Kaemon Takashima (高島 嘉右衛門) became engaged in his family business of lumber trade at the age of 14. He predicted, by his original divination, the major earthquake of the Ansei period that hit Edo (Tokyo) in 1855 (Ansei 2). Although, he made great profit from lumber dealings, a storm saddled him with debt. He, then, took advantage of the difference in the monetary exchange rate and profited from foreigners. Because such dealings were illegal at that time, he was sent to prison. He mastered the art of divination during his six years in prison.

In recognition of his distinguished services, Takashima was the first civilian admitted to the presence of the Emperor Meiji, who deigned to give him three sets of silver cups.
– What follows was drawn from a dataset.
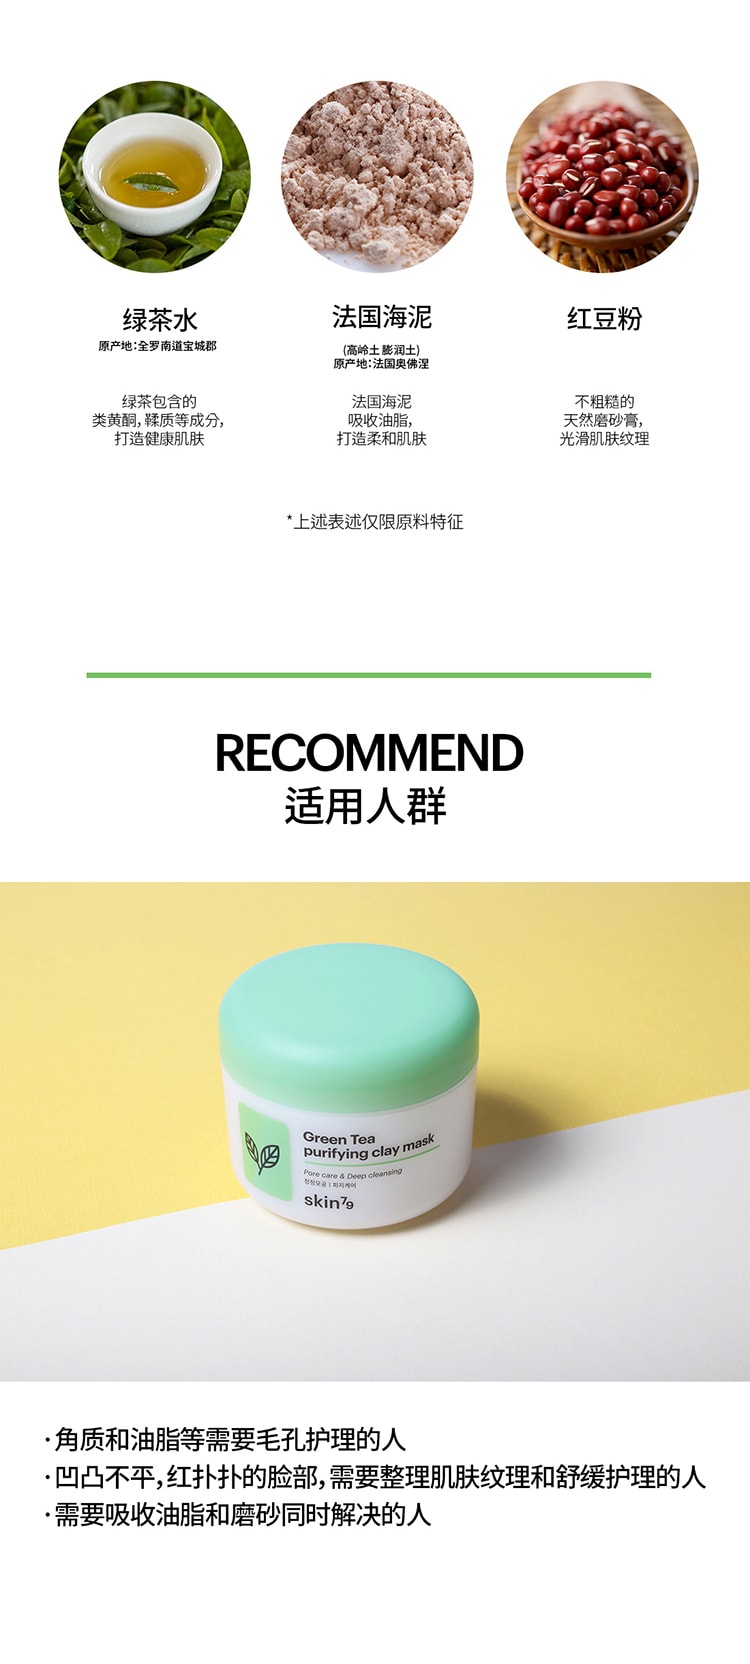 韓國 Skin79 Green Tea purifying clay mask 100ml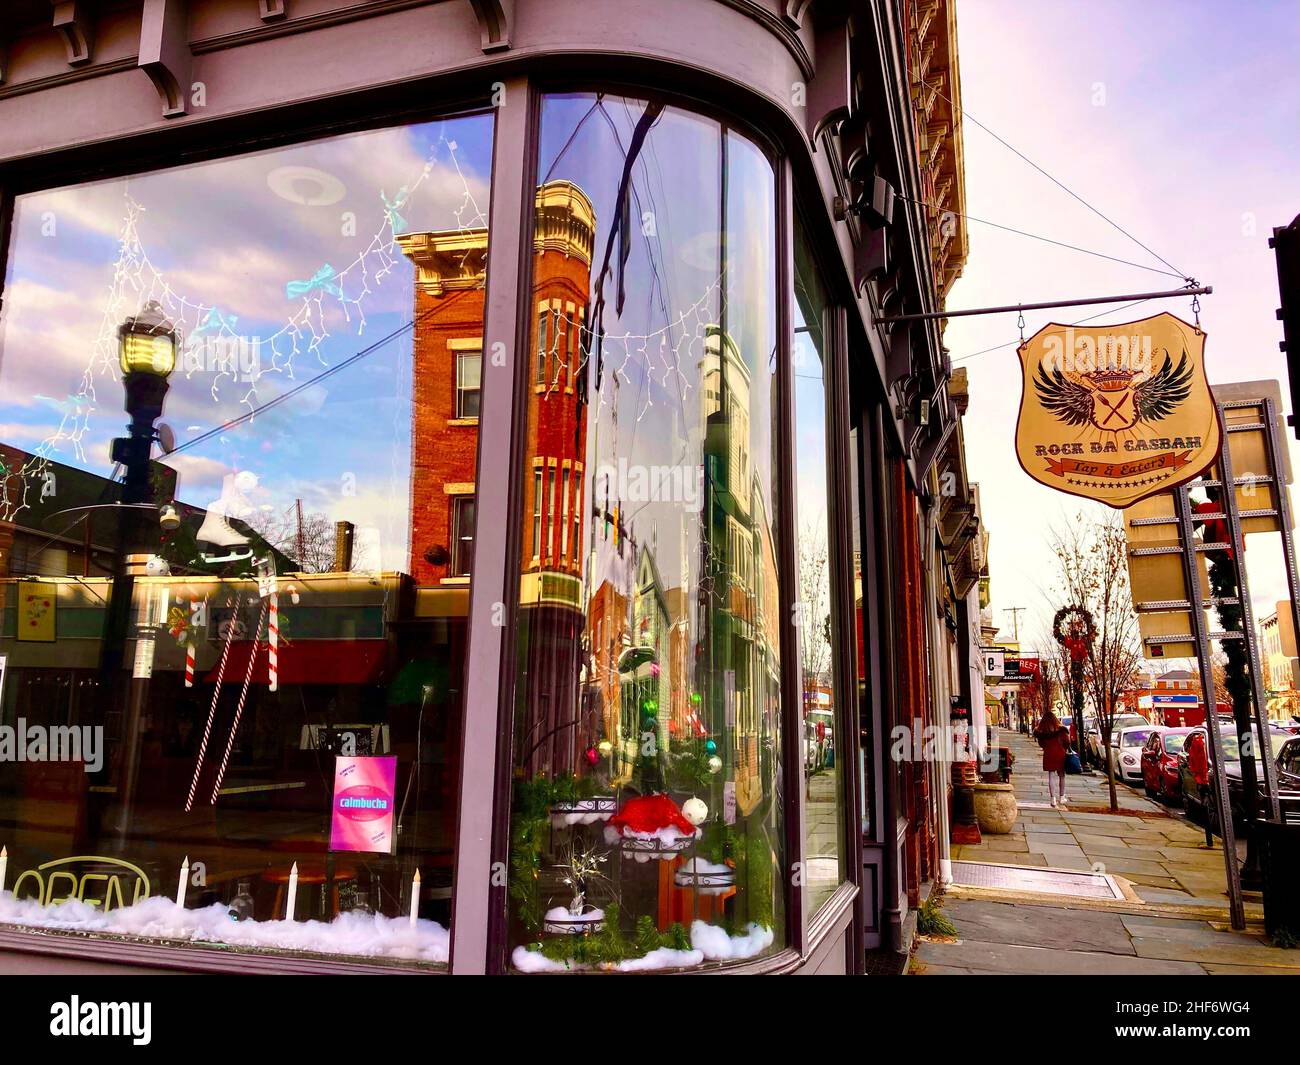 Petite ville USA.Saugerties, NY. La fenêtre ronde de la boutique d'angle permettant aux passants de voir les méprises de tous les angles Banque D'Images

Although in 1877 (Meiji 10) he retired from the business world in his mid-forties, he contributed 10,000 yen for naval defense appropriation and was awarded the Fourth-Class Order.

Furthermore, he founded Aichi Cement Corporation (愛知セメント工業), assumed the presidency of Hokkaido Colliery and Railway Co.Ltd. (北海道炭鉱鉄道), ran the development and settlement enterprise in Ishikari and Tokachi, and successively held the post as president of Tokyo Street Railway (東京市街電気鉄道).

He devoted his time to studying divination under the pseudonym of “Donsho.”  In 1886 English and Chinese translations of “Takashima Divination” were published and consequently the Takashima Divination was established. It was said that the government officials never failed to consult him about important politics, such as the diplomatic policy regarding Korea. His eldest daughter married Hirobumi Ito’s eldest son. Later in his life, he predicted the Sino-Japanese War and the Russo-Japanese War.  He also foresaw Hirobumi Ito’s assassination and the assassin’s name, of which he advised Ito.

In 1914, he died at the age of 83, as he predicted in a memorial tablet.